Organizing over 70 people isn’t easy, and when some employees headed out early, it messed with our shared schedule.
So, we posted an office administrator near the elevator who reminded everyone that would leave together at 11 — and not before. This quick system change (using a simple leverage point) solved the problem.
Never stop learning
Systems thinking teaches you to see how people, policies, organizations, decisions, relationships, and ideas are interconnected.
If you want to go deeper, The Fifth Discipline: The Art & Practice of The Learning Organization by Peter M. Senge is one of the best books you can add to your nightstand.

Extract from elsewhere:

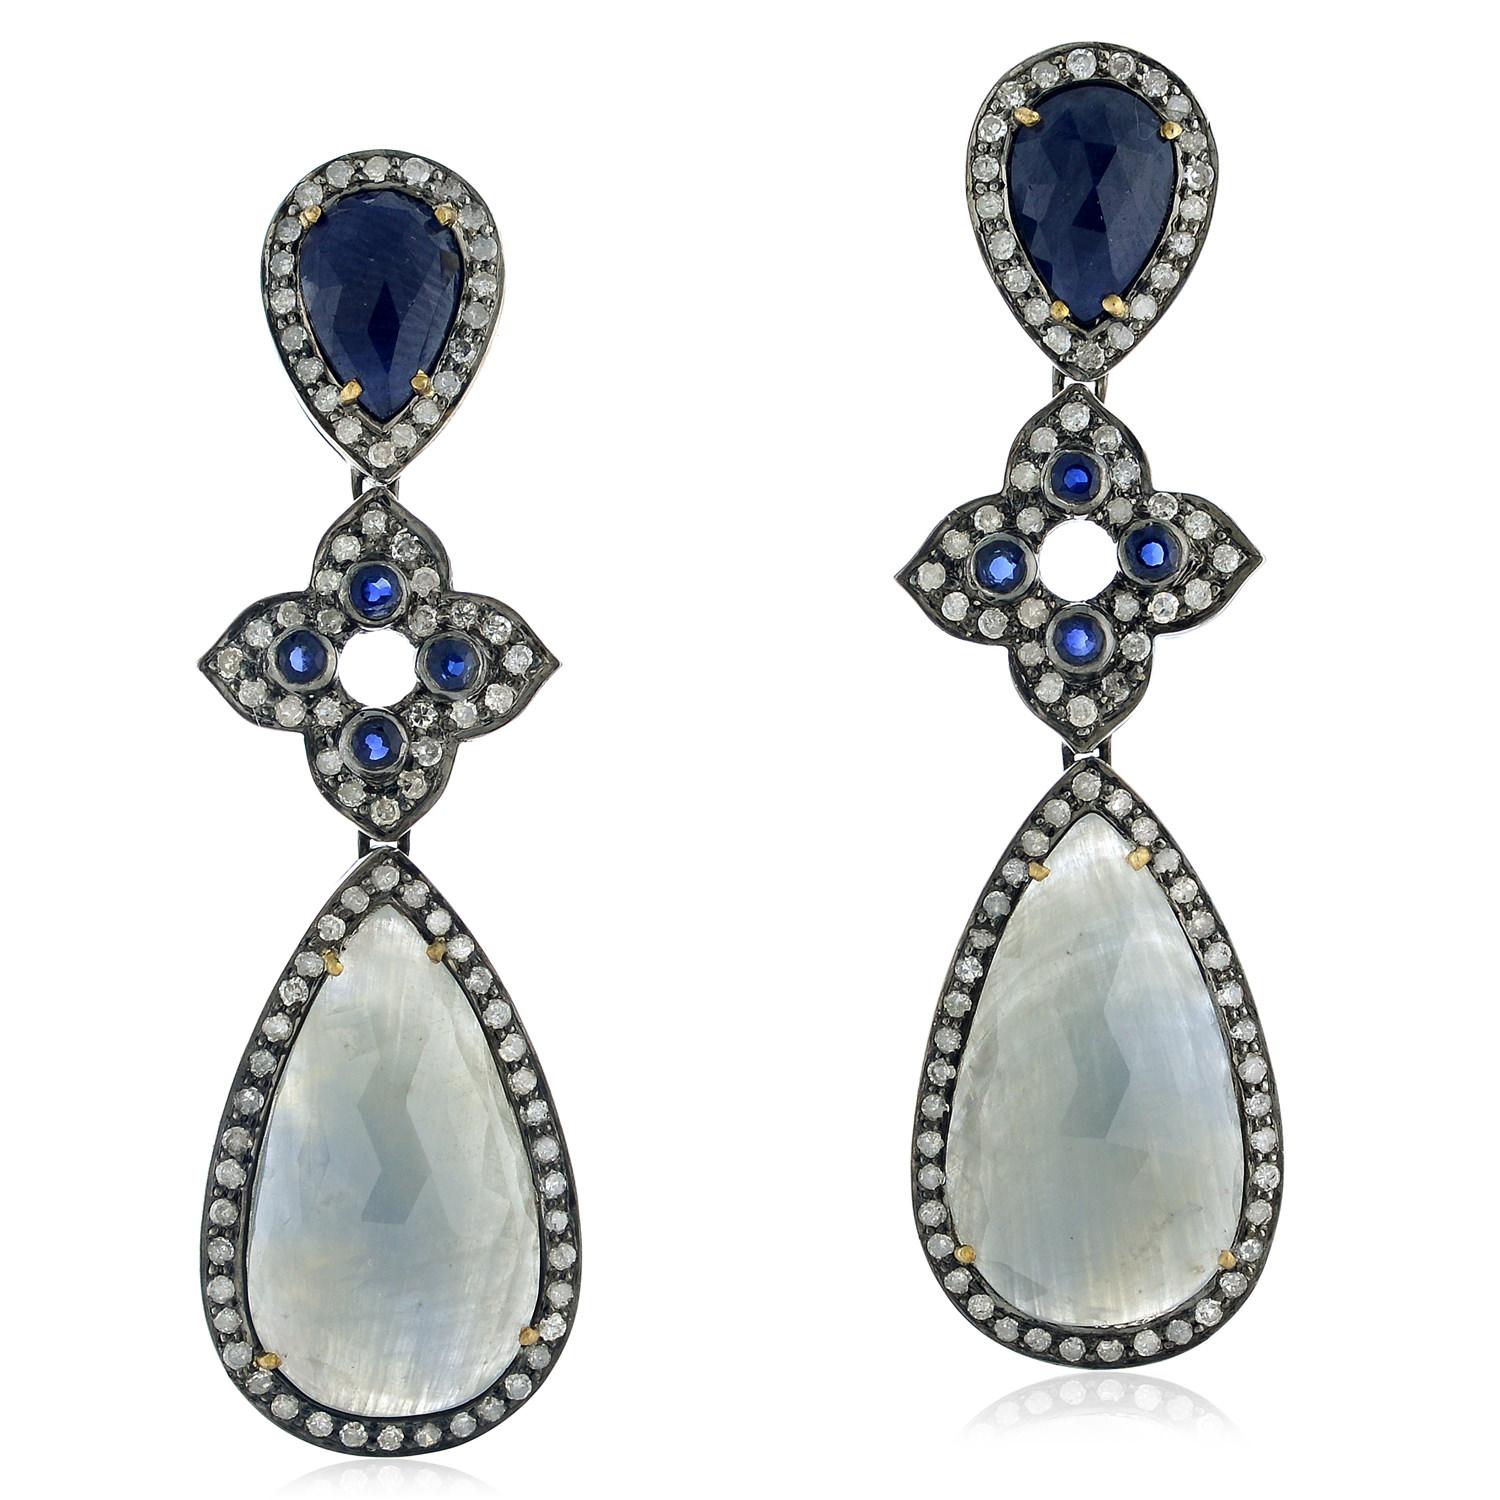 Pear Cut Two-Tier Sapphire Dangle Earring with Diamond Motif in 18k Gold and Silver

As the title suggests, Senge shares five disciplines that ensure learning is embedded your DNA — whether you’re starting a business, leading a whole company, or working inside an organization.
1. Personal mastery
Attend conferences, take online courses, read books and blog posts, listen to podcasts, talk to people inside and beyond your industry, learn from your colleagues, watch documentaries, and do everything you can to improve your skills and stretch your mind.
2. Explore your biases and assumptions
The blind men in the parable all made assumptions about the elephant. Biases and assumptions prevent us from understanding the whole animal. They prevent growth and can block innovation. Being aware of your biases starts internally, but it’s also a hands-on practice.
At Jotform, we test our assumptions with usability tests, customer interviews, support calls, and bootcamp-style onboarding that pairs new employees with long-term staff.
We’re making the product, but we stay curious about how people use it and what they need.
3. Establish a (shared) vision
Systems break down without a clear goal or mission. You won’t run faster if you don’t know why you’re trying to break the speed barrier.
Is it for your own satisfaction? To win a race? To stay strong and fit as you age? Vision keeps you motivated.
In an organization, everyone needs to share that vision. We all know what we’re trying to accomplish with JotForm.
Hosting Friday demo days is one way to ensure we’re all in the same boat. We build that vision into our culture, and keep it alive both in theory and in practice.
4. Learn in teams
Shared learning is powerful. When groups work together to achieve significant goals, it solidifies understanding. It etches the lesson into our minds.
In an organization, this could take the form of working in cross-functional teams, sharing information across contrasting roles, running hack weeks, and running demonstrations.
5. Think in systems
Here’s where it comes full circle. Systems thinking is all about continuous improvement.
It’s also linked to the Iceberg Principle, which states that visible events are tiny compared to what’s happening below the surface. There’s far more ice below the water than you can perceive above it.
When you’re facing a challenge or an opportunity, consider the system.
Get to know the details. Find the leverage points. Test, learn, adapt, and keep refining your models.
After all, if you meet an elephant in the forest, you need to know what you’re facing.